Saturday, June 7, 2008


Last weekend I attended the Glasgow, Kentucky Scottish Festival and Highland Games and had a ball. The only real challenge was the "763.48 miles" to Lucas, Kentucky from Richardson, Texas. The joke was the above quoted MapQuest mileage and their estimate of the driving time at eleven hours and forty-two minutes. Note that their driving time (if my math is correct) will reflect an average speed of 64.97 miles per hour.

I didn’t do any math at the start of the trip though wondered when I arrived back in Richardson how I/they could have erred so badly. They obviously didn’t factor in the many construction sites and what the realistic average miles per hour that a traveler would experience.

So what was the reality of the trip? It was just under 785 miles on my odometer from Richardson to Lucas and took around fourteen hours for an average speed of just under 57 miles per hour. That figure was pure drive time and doesn’t include break/meal times and gas fill ups so that I could be apples to apples with MapQuest and the other providers which follow.

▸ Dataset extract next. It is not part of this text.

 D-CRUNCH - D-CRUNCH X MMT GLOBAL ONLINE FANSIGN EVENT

I did leave from work in Plano, Texas accounting for an additional 18 miles (from Richardson) and a little over 30 minutes to traverse that distance on a good day. Even factoring in that difference, something didn’t seem right. I wondered then what the other big map/direction hosts were offering up to the poor traveler.

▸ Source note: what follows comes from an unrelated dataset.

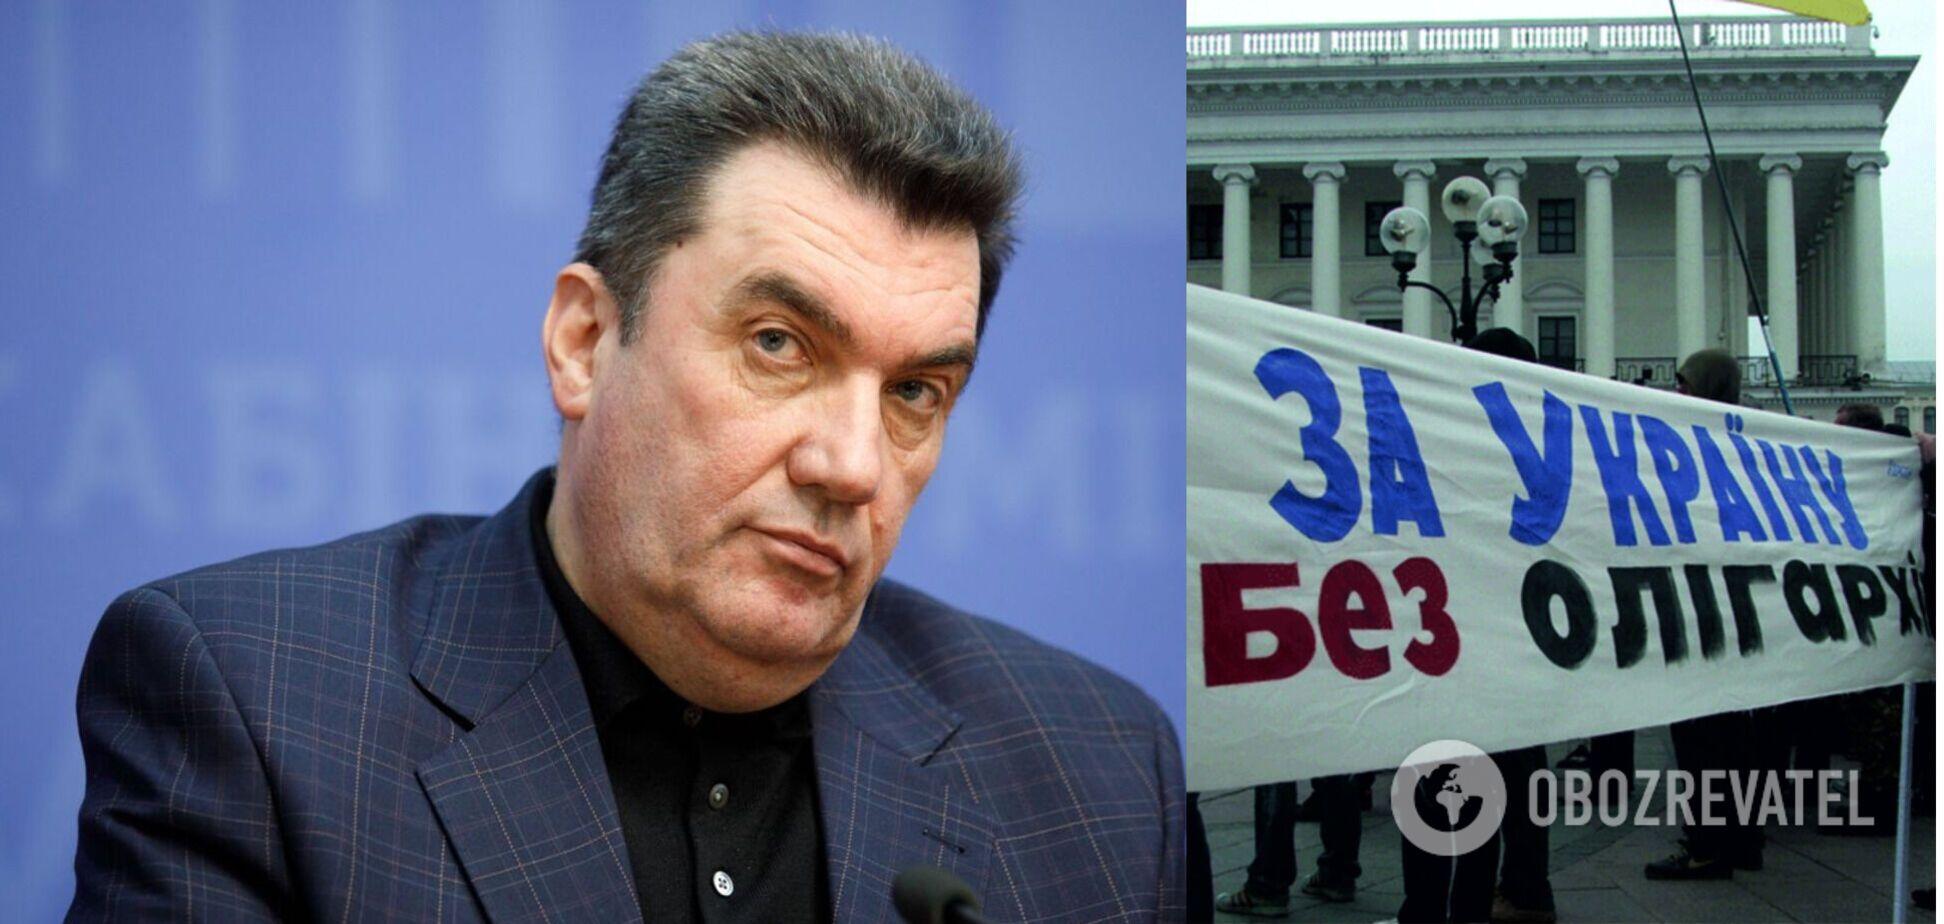 В Украине будут мониторить деятельность олигархов: когда запустят систему

Yahoo estimated the mileage at 757.21 miles and the time to travel 11 hrs 29 minutes for an average speed of 65.82 miles per hour.

Expedia had the mileage estimated at 760 mi and travel time at 11 hrs and 9 minutes for an average miles per hour of 69. You will note that this is just under the maximum speed limits in part of east Texas, Arkansas, Tennessee and Kentucky.

Google estimated the mileage at 737 and a drive time of 11 hours and 32 minutes for an estimated average miles per hour at 64.1.

Rand McNally gauged the mileage at 735 and the drive time at twelve hours for an average speed of 61.25 mph

MSN and MapPoint (long my personal favorite) reflected the mileage from Richardson to Lucas at 752.3 and a drive time of 11 hours 5 minutes for an average miles per hour of 68.39.

As a finale I went to and their NavPro protocols where they didn’t even recognize Lucas, Kentucky. I had to enter Glasgow, KY as the nearest city where they estimated the driving time at 12 hours 53 minutes and the mileage at 754.43. I then added the 12 miles and 17 minutes from Glasgow to Lucas for a total mileage of 766.43 and a total estimated time of 13 hours, 10 minutes for an average miles per hour of 57.84. Eureka! I had found at least a closer home in the somewhat convoluted gyrations of NavPro and That I had to do a second search to conjure up Glasgow, KY to Lucas, KY seems a small inconvenience.

I found it amazing that all these products had different results and assuming that their technology platforms are nearly all the same, found that less than comforting. I do hope that our military has access to more reliable technology. In a world where conflicts and best results are gauged in inches and feet and not miles, accuracy is critical. Can you say collateral damage?

The Global Positioning System (GPS) currently in use by the US military and thanks to President Reagan in 1983 is now marketed to the general public by many companies to include Garmin, TomTom, Magellan, Lowrance, Pioneer and others. When I last volunteered with Red Cross disaster services it was on the occasion of 2007’s Hurricane Humberto which struck the Texas southeast coast communities of Port Arthur, Beaumont and Orange. We would have had great difficulty getting to some of the affected areas were it not for our GPSs with TomTom seemingly the better choice.

I think that I’m going out and buying a TomTom XL in advance of my next cross country trip. I also think that with the price of gas now approaching and exceeding $4.00 a gallon that many folks are going to be deliberately driving slower or maybe not at all in the near future until supply and demand kicks in and the almighty US dollar rebounds. Methinks that our good Friends with MapQuest, Google, Yahoo, Expedia, et al are going to have to get their collective acts together unless I am the only one driving at or below the speed limit.

More on the Glasgow, KY Scottish Festival and Highland Games later.